The Timefair free Salary Growth Simulator makes it easy to see your long-term trajectory and compare it directly with what a job change could deliver. Put in your numbers — then decide whether to stay, negotiate, or move.

FAQ

Q: How do I calculate my salary growth rate?

A: Use the formula: (This Year's Salary − Last Year's Salary) ÷ Last Year's Salary × 100. For example, if you went from $85,000 to $87,500, your growth rate is 2.94%. Enter this into the Timefair Salary Growth Simulator to project your income over 5, 10, or 20 years.

Q: What's the difference between a base pay increase and a merit raise?

A: A base pay increase moves the entire salary scale up — everyone gets it.

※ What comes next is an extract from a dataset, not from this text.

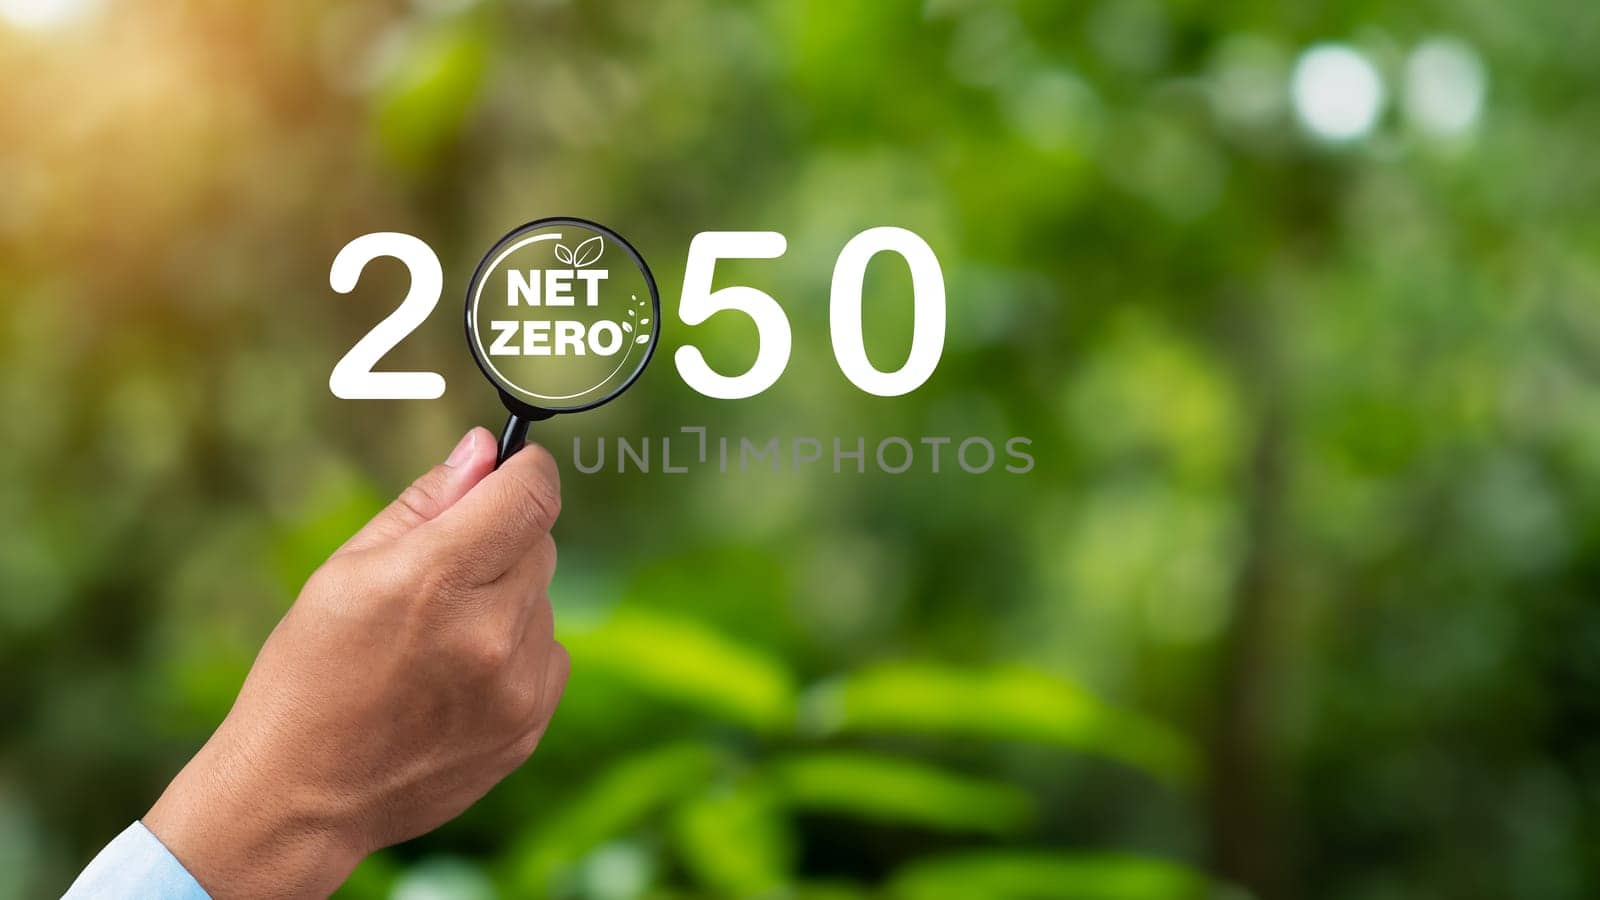 Net zero icon inside magnifier glass, Net zero greenhouse gas emissions target, Carbon neutral and net zero concept, Natural environment Climate-neutral long-term strategy.

A merit raise is tied to your individual performance review and is competitive within a fixed budget. Both show up as "raises," but they have different drivers and different implications for negotiation.

Q: Is a 2% annual raise good or bad?

A: It depends on inflation. In a 3–4% inflation environment, a 2% raise is a real-terms pay cut. For your salary to grow in real terms, your raise needs to exceed the inflation rate. Aim for 3%+ to stay ahead. Use the simulator to see what different scenarios look like over 10+ years.

Q: How can I negotiate a higher raise?

A: Research market rates for your role using sites like LinkedIn Salary, Glassdoor, or Levels.fyi. Calculate the gap between your current salary and market rate, and bring that number — not a vague feeling — to your manager. Specific data ("the median for my role in this city is $X, and I'm at $Y") is more actionable than a general request for more money.

Q: Is it better to job-hop for raises or wait for internal promotions?

A: On average, job changes deliver 10–20% salary increases in a single move, while annual raises average 2–4%. If internal raises are below 2% and external opportunities offer 15%+ more, a job change compresses years of incremental growth into one transition. Use the Salary Growth Simulator's job-change comparison feature to see the long-term difference in your specific case.